**Material provided:**

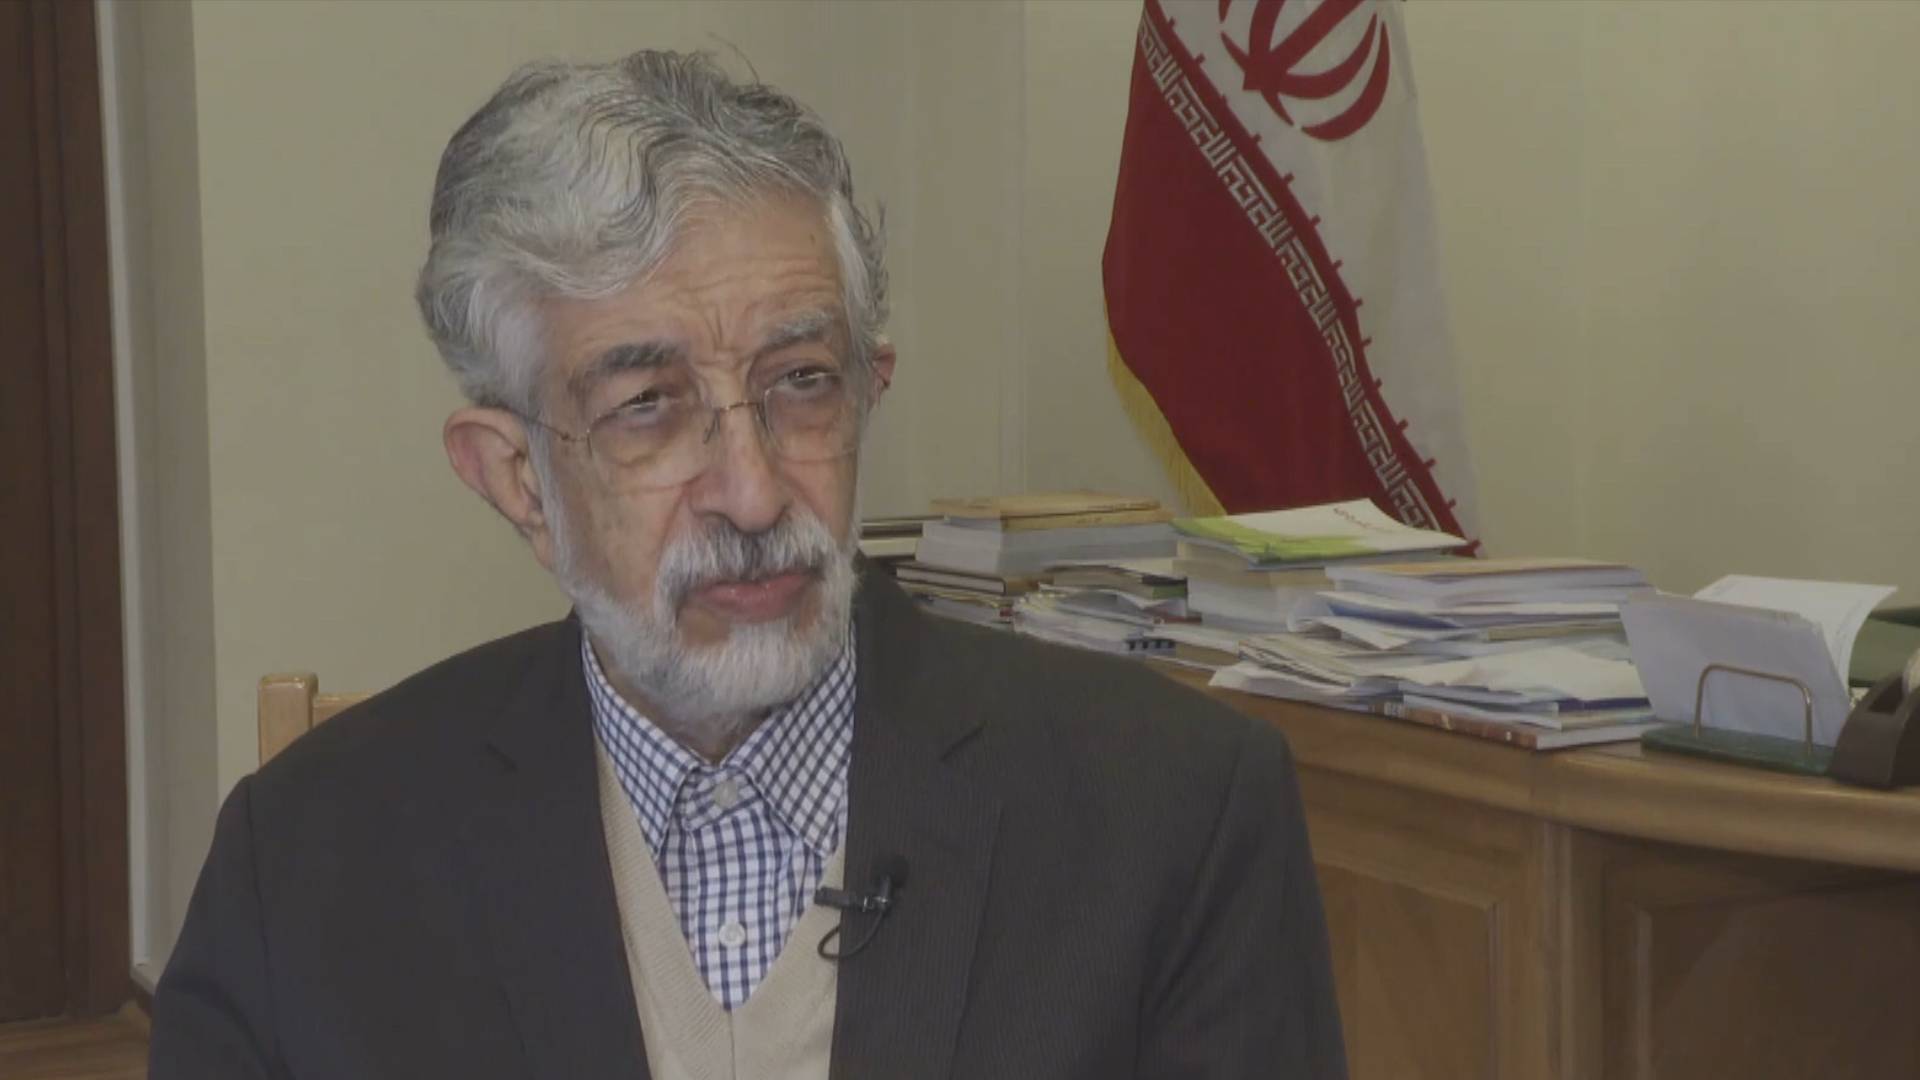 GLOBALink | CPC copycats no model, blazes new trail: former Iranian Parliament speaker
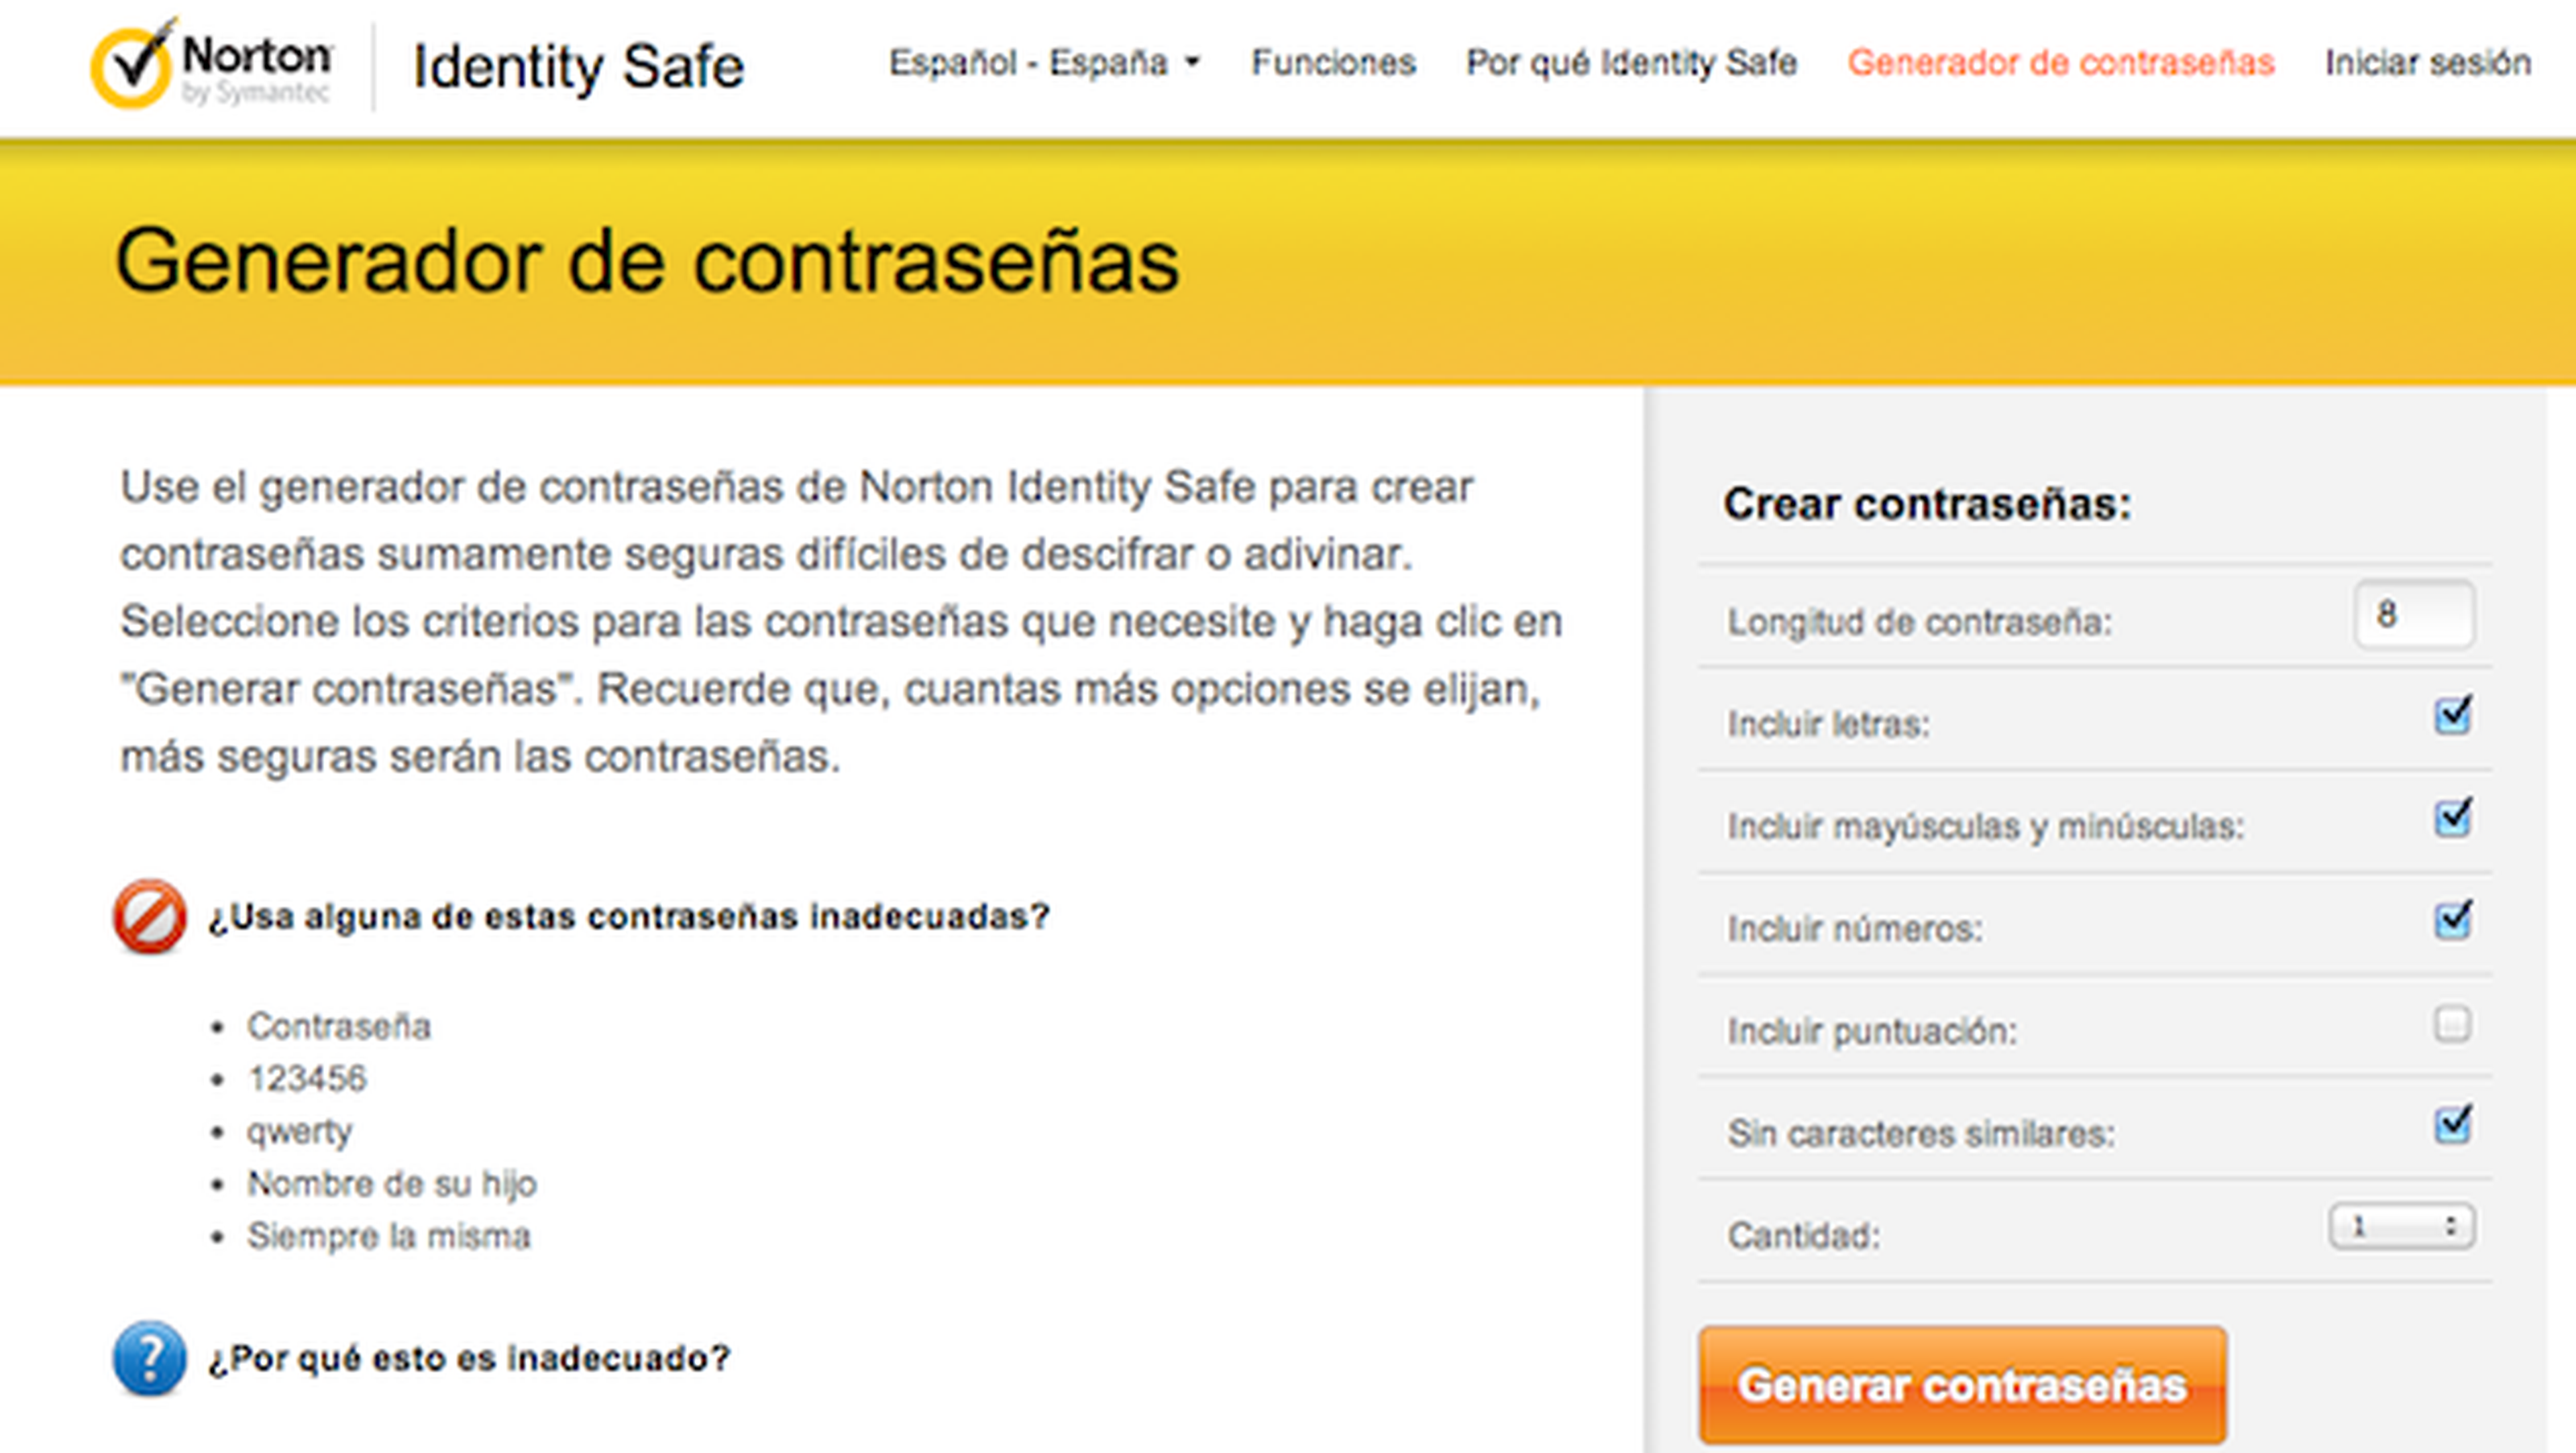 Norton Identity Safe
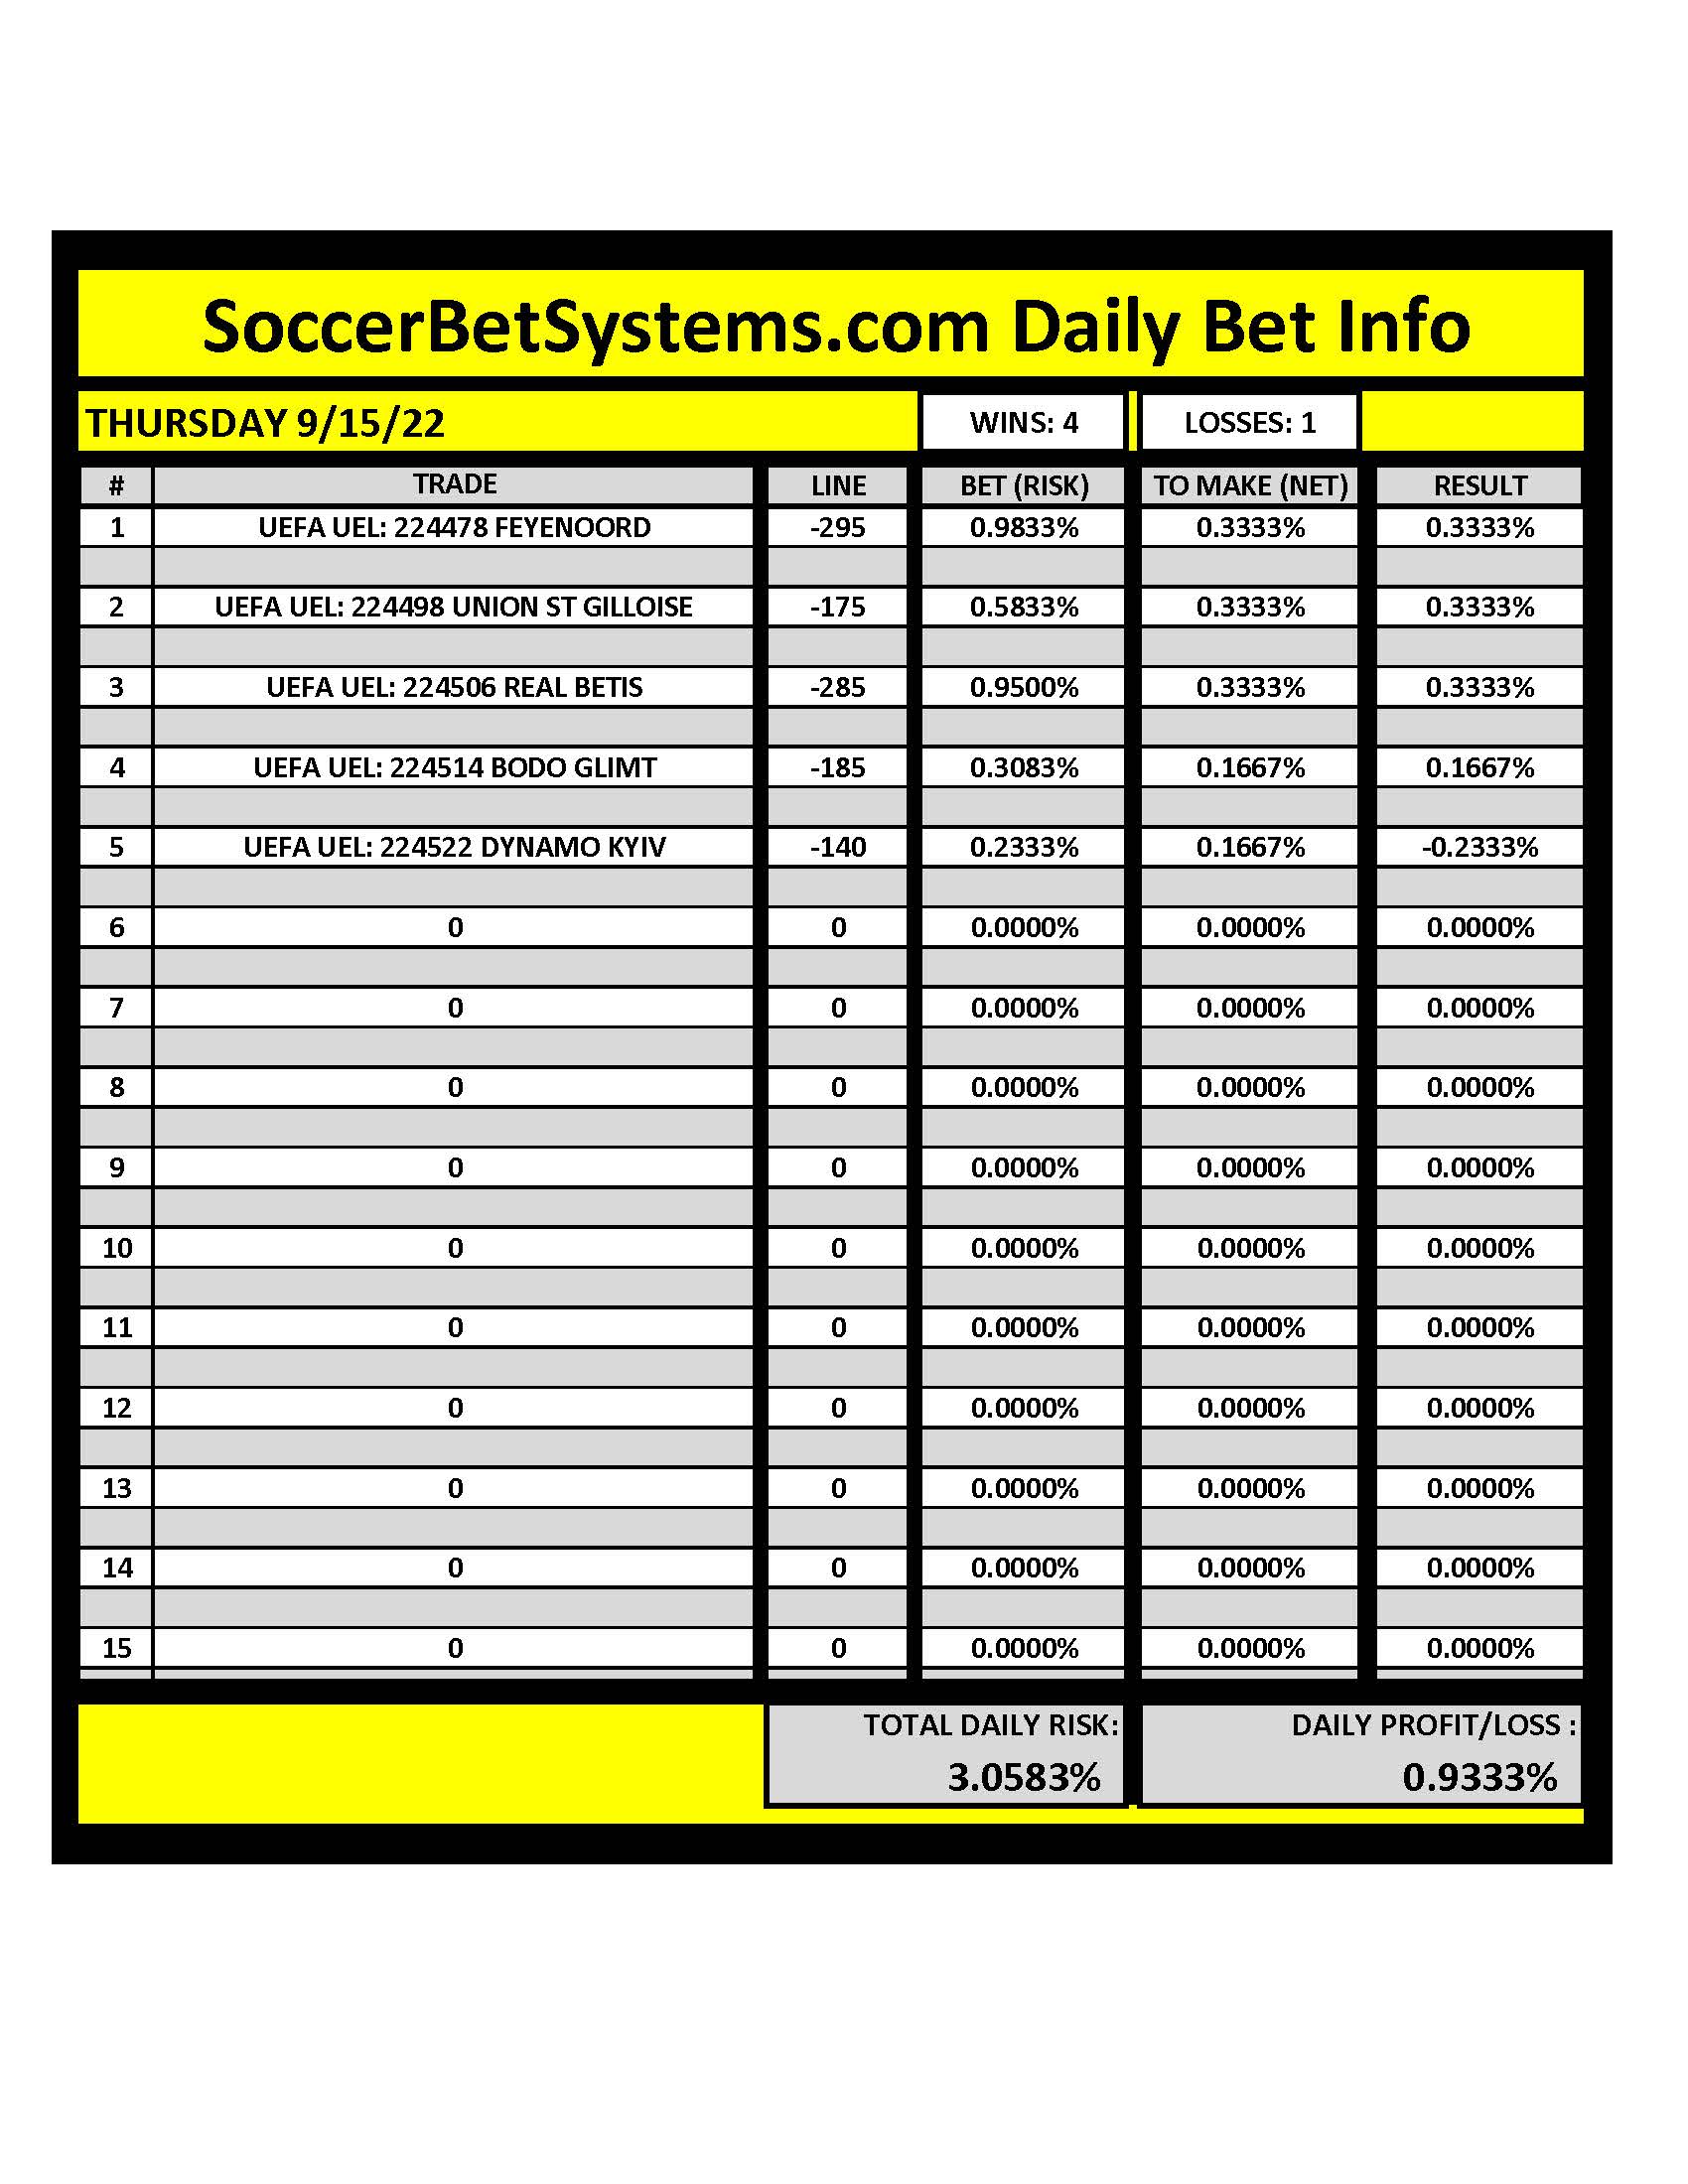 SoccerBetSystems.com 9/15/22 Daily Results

**Task description:**
When you repeat the material, keep every word exact and drop the pictures.

**Response for this exercise:**
 GLOBALink | CPC copycats no model, blazes new trail: former Iranian Parliament speaker
 Norton Identity Safe
 SoccerBetSystems.com 9/15/22 Daily Results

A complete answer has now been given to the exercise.